So I had a bit of a rough week last week.
Or, rather, I should say that the last half of it or so was kinda rough. I was very anxious to hear back about the Internship of My Life, and I was supposed to hear back from it Friday.
I was not rejected, but the response I got was not satisfying, delaying this process of admission even more rather than giving me an answer.
It was on Monday that I had a realization that even if I got the internship, it was highly possible that I would be placed in a town in the middle of nowhere, and I would be facing the same kind of loneliness and boredom that I did last summer. I am very much afraid of that. Like… whoa.
Anyway, those were sort of the operative things going on in my life, not to mention that I had stuff due for my classes and was almost unable to focus on anything past Friday.
So, I was kinda stressed. And where did I turn?
Yes, the ice cream.
If we remember from a previous post, ice cream has never been a big vice of mine.

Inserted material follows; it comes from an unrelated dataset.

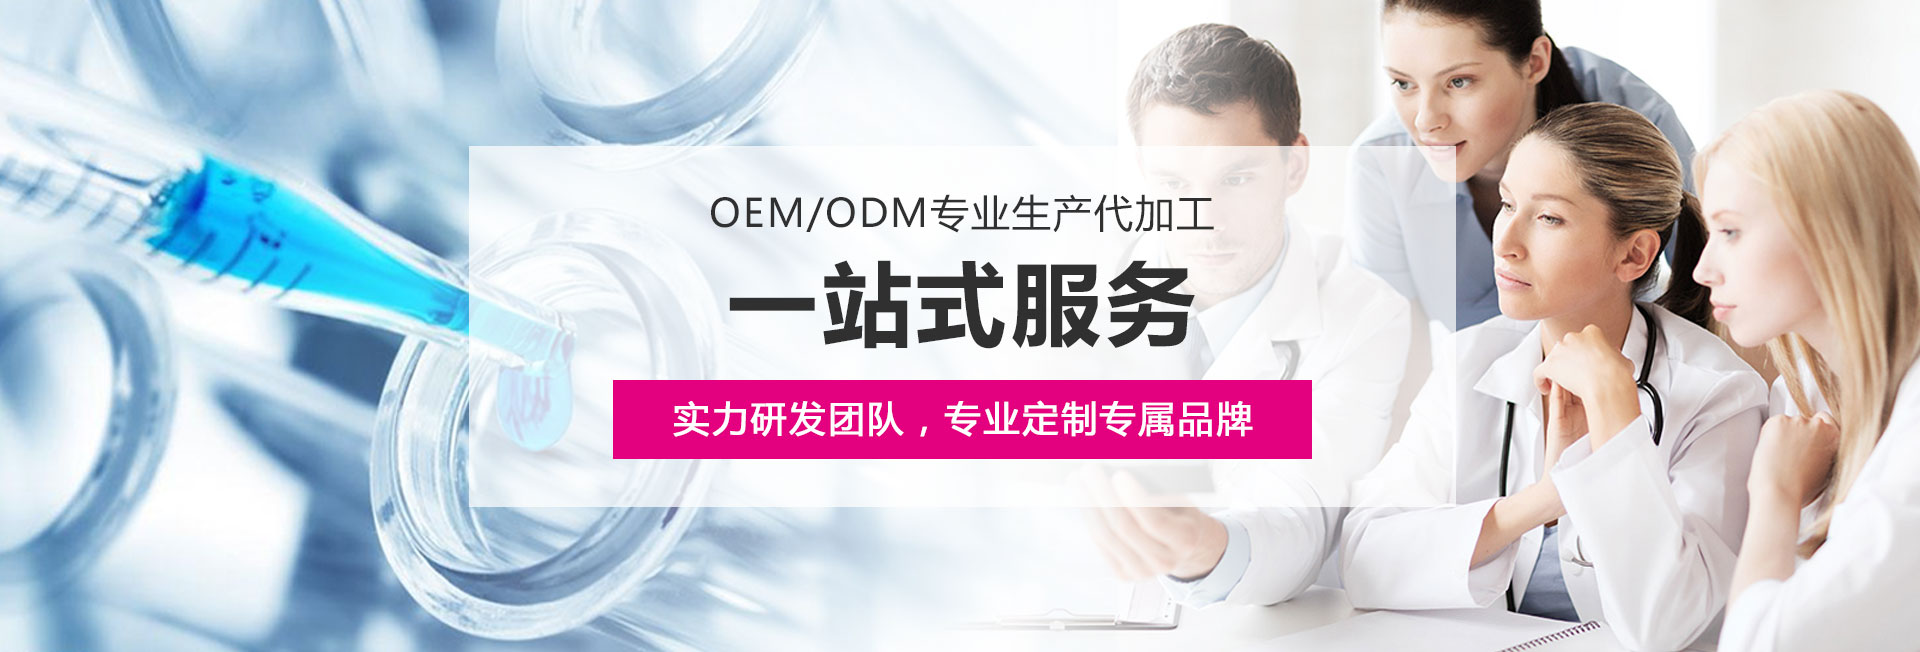 OEM/ODM一站式加工服务
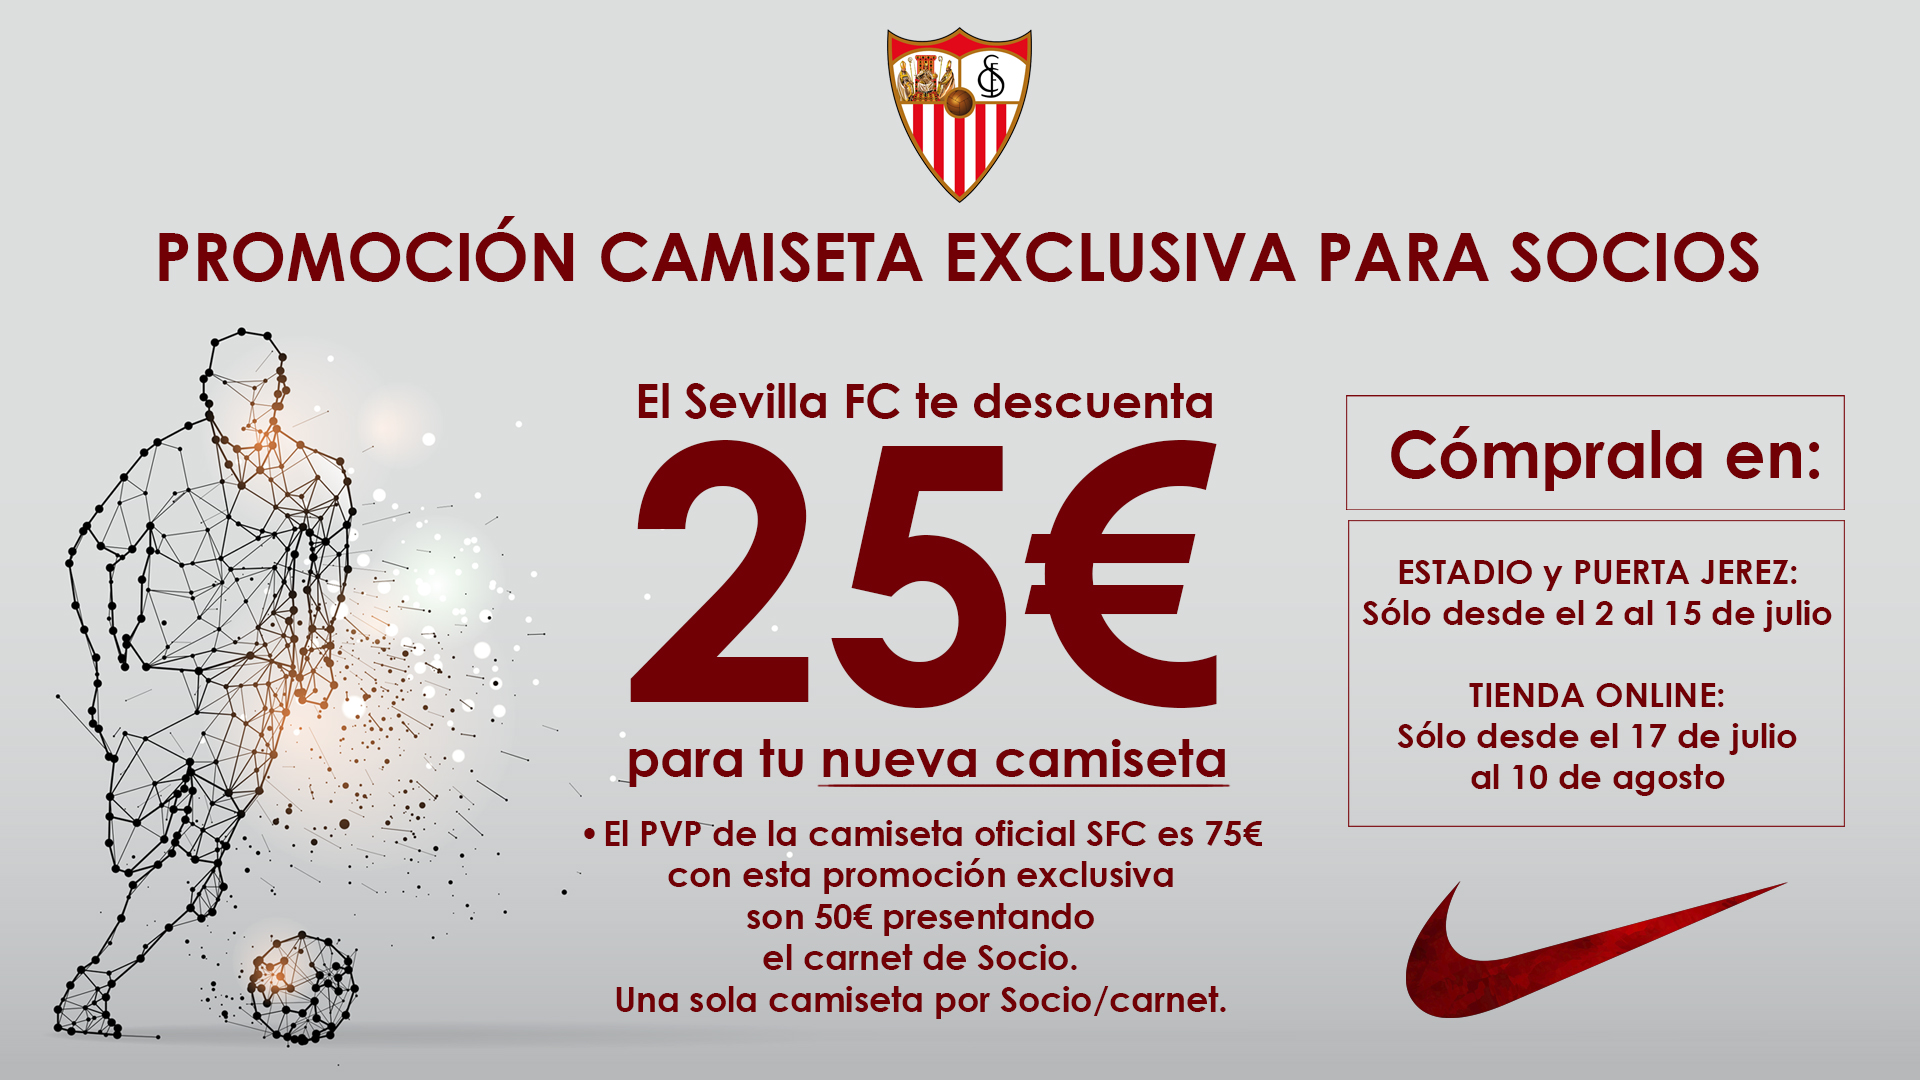 La nueva camiseta del Sevilla FC 2020, equipación Nike

There’s a point which sweet things just make me nauseous, and I don’t enjoy them as much.
But sugar still ups the dopamine-thingies in the body, so eating ice cream, even if I don’t like it that much, still makes me feel better. So, yeah, I had quite a bit of ice cream last week.
It’s pretty depressing to think that you have at least somewhat handled your stress eating problems and then to realize that all you’ve done at this point was replace the potatoes and salty things with something that you don’t even like as much.
Needless to say I was — am — frustrated. The ice cream and the stress are likely the reasons why I didn’t lose much weight this week.
Of course, the thing that I really need for stress is exercise, and that’s the one thing I really can’t do. Sure, I could go swimming or rowing or lift weights or some such, but… I dunno. I feel like it’s not the same. I do TKD because I intrinsically enjoy it, and I feel like exercising out of obligation or to intentionally relieve stress would only add to it. Maybe I haven’t really given it enough of a chance, but the reason why doing TKD is stress-relieving for me is because I like it so much. There is the added exercise component to it that does help, but I feel like doing something I don’t enjoy just to get rid of stress would be counter-productive.
Finals are around the corner, and I can only imagine my anxiety and stress will increase. I have taken to doing pushups when I get cravings, so perhaps that will help. I don’t know for sure, but I know that, along with potatoes, ice cream is now off the menu.